Brad Garlinghouse Says Ripple Will Continue To Fight Aggressively Against SEC Onslaught
Garlinghouse reassures investors that Ripple will continue to fight to get regulatory clarity for the U.S. crypto space.
Ripple’s CEO Brad Garlinghouse has reassured investors that the company will aggressively engage the SEC in a legal battle to ensure that the entire U.S. crypto industry gets clear rules.
Garlinghouse made this known in response to a tweet by Ripple’s General Counsel, Stuart Alderoty. Earlier today, Alderoty informed XRP holders that the Silicon Valley blockchain company had publicly filed its redacted reply to the SEC’s opposition to its summary judgment motion.
Commenting on Ripple’s latest filing, Garlinghouse said:
“I said it on day 1; we will aggressively fight to get clear rules for the entire industry in the U.S.”
He congratulated the Ripple team for helping the company reach the summary judgment stage, adding: “Ripple stood strong and withstood the SEC’s onslaught. I look forward to being on the right side of justice.”

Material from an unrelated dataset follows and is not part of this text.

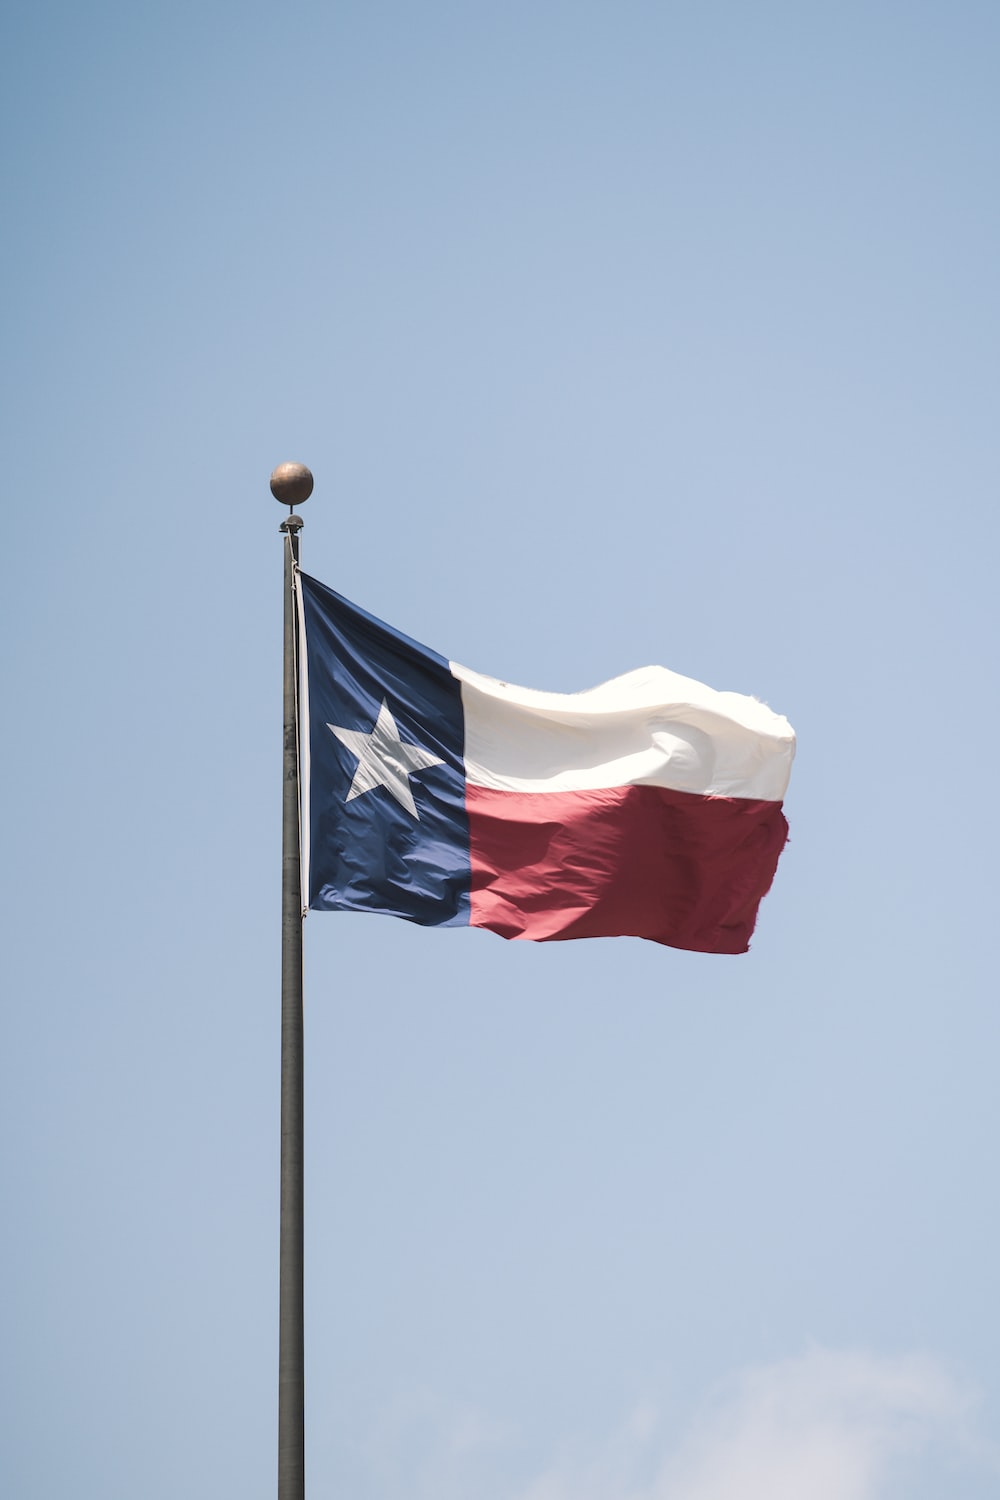 Texas Flag Picture. Download Free Image
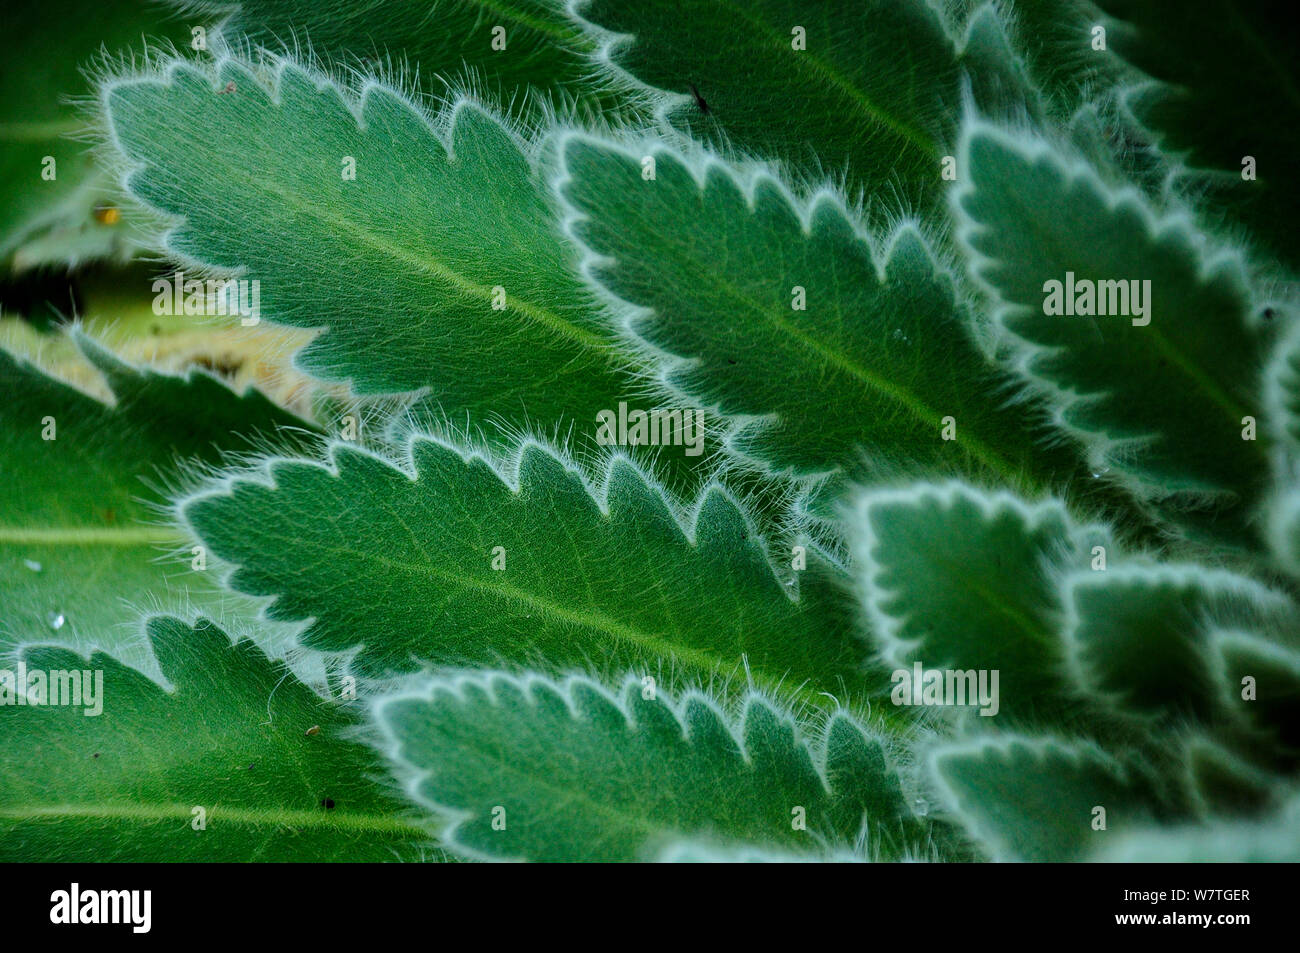 Close up Meconopsis paniculata leaves at 3,500 meters altitude in the Annapurna Sanctuary, central Nepal, November. Stock Photo

Alderoty Reacts to Ripple’s Recent Filing
In what Alderoty described as Ripple’s final submission, the Silicon Valley tech company filed its redacted summary judgment reply yesterday. Alderoty added that Ripple is proud of the defense it has put up against the SEC in the past two years.
“We have always played it straight with the Court. Can’t say the same for our adversary,” Alderoty said.
Ripple and SEC Publicly File Summary Judgment Replies
Ripple noted in a reply that the SEC’s opposition brief confirms that the court should grant a judgment in the company’s favor.
According to Ripple, the SEC cannot prove that its XRP sales from 2013 to 2020 constitute an investment contract offer. Ripple slammed the SEC, saying it mischaracterized its case by claiming to have been declared the winner in security cases where the essential ingredients of the Howey test are not present.
“Ultimately, the SEC cannot point to a single case finding an investment contract without the ‘essential ingredients’ identified in Howey. And it is undisputed that the case has none of them,” Ripple stated.
On the other hand, the Securities and Exchange Commission highlighted three facts proving that the company’s XRP sales constituted an investment contract offer. Per the SEC, Ripple confirmed that it received $2 billion from investors in exchange for XRP. Furthermore, the SEC claimed that Ripple did not oppose the “common enterprise” and “the expectation of profit from the efforts of others” ingredients of the Howey test.
The SEC noted:
“None of the defendant’s arguments to the contrary precludes summary judgment. Defendants’ primary tactic is to deflect controlling precedent with fictional tests, muddy the facts, and shift blame to the SEC.”